Music

Jimmy Jam Says AI Music Needs 'Guardrails' and Its Own Billboard Chart

The hitmaking legend breaks down why AI needs consent, guardrails and its own Billboard chart before it competes with human-made music.

Jimmy Jam Shares His Thoughts on AI in Music 'There's Good and Bad'
Photo by John Nacion/Variety via Getty Images

As artificial intelligence continues to reshape the music industry, Jimmy Jam is making it clear that he isn't against the technology—but he believes it needs boundaries.

Speaking alongside Terry Lewis for Pandora's Artists on AI series on the Black Music Forever station, the legendary duo behind some of the biggest records of the last four decades said AI's future in music depends on accountability, consent, and compensation.
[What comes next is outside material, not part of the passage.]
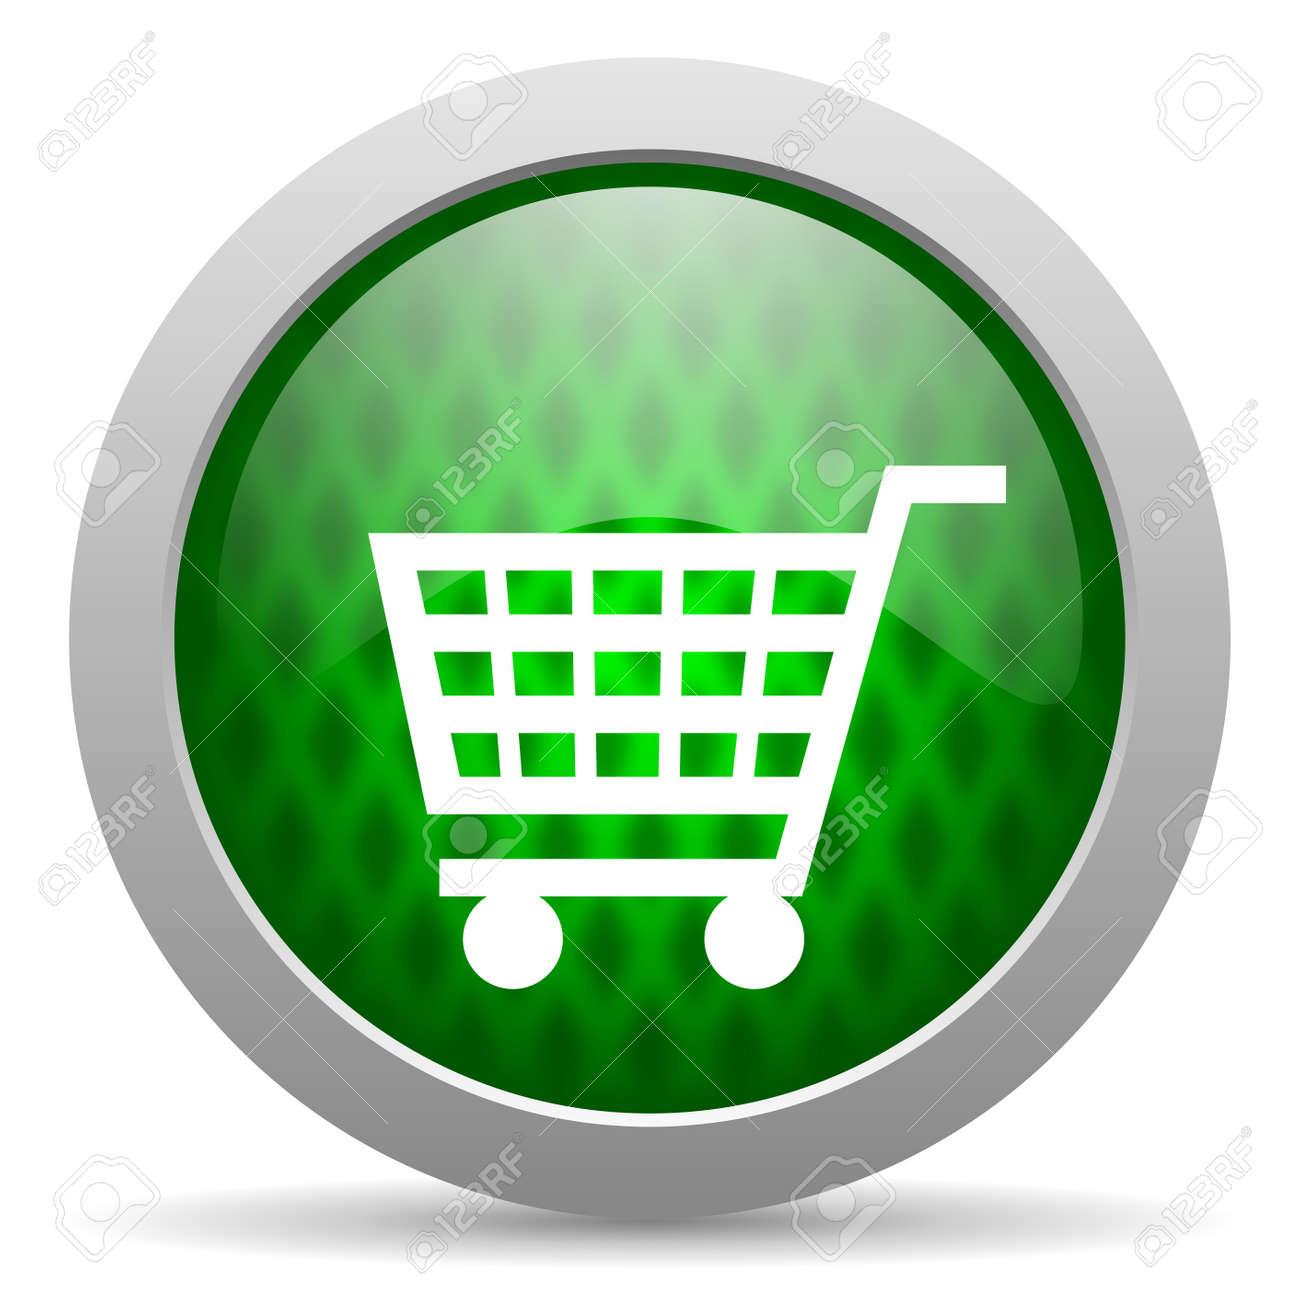 shopping cart icon Stock Photo - 15417407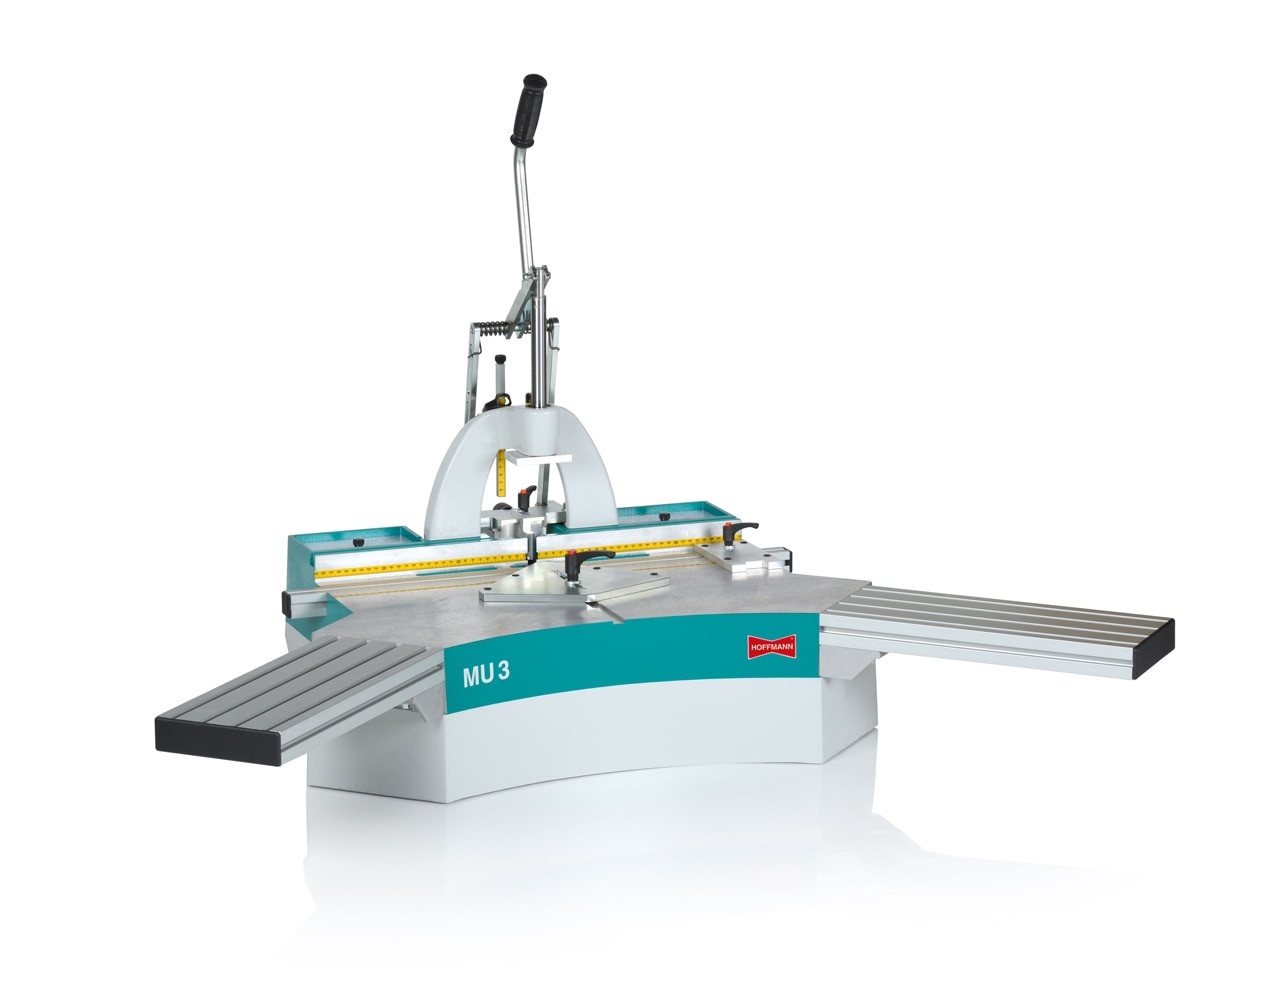 Hoffmann MU3 Manual Dovetail Routing Machine

“For me, the humanity in music is wonderful because it's the mistakes,” Jam said. “It's the things that aren't plotted out that happen, the spontaneity. So, I think that's the thing that I'm always going to miss in music if the human part of it isn't part of what the song is.”

Jam compared AI to the advent of the automobile. The technology itself, he argued, is inevitable. The challenge is creating rules around it.

“Like any technology, there's good and bad,” he said. “There needs to be guardrails on it, and there needs to be permission for it to be used.”

He also took particular issue with AI-generated content that uses a person's likeness or voice without consent. “I think the idea of just taking somebody's voice or taking somebody's picture or whatever and then manipulating it without their permission, I think that's wrong,” Jam said. “Anything without permission is basically wrong and disrespectful.”

The producer added that creators whose work is used to train AI systems should be compensated: “If you're going to use it to train based on something that we've done, for instance, then we need to be paid for that.”

Jam also argued that AI-generated music should occupy its own category rather than compete directly with human-created works. “They should have their own chart, I think, on Billboard,” he said. “I don't think that they should compete on equal ground.”

Lewis echoed many of those concerns, boiling the issue down to a single word: “accountability.”

“Nobody's loading in any flops,” Lewis joked, pointing out that AI models are trained on successful songs and ideas created by others. He argued that those creators deserve compensation and urged artists to embrace the technology rather than resist it entirely.

“You're going to be the driver, you're going to be the passenger, or you're going to stand on the tracks,” Lewis said. “I would suggest you don't stand on the tracks because the outcome's not going to be good for you.”

Still, Lewis believes AI can't replace the emotional connection that comes from live performance. “What's going to make things special is when you go to a small club, and the person that performs that song makes the hair on your arm stand up,” he said. “AI can't do that.”

The comments arrive at a moment when Jam and Lewis remain deeply involved in the music world. The Rock & Roll Hall of Fame inductees recently celebrated the 40th anniversary of Control, the landmark album they created with Janet Jackson, while Jackson herself recently signed a global administration agreement with Believe Music Publishing.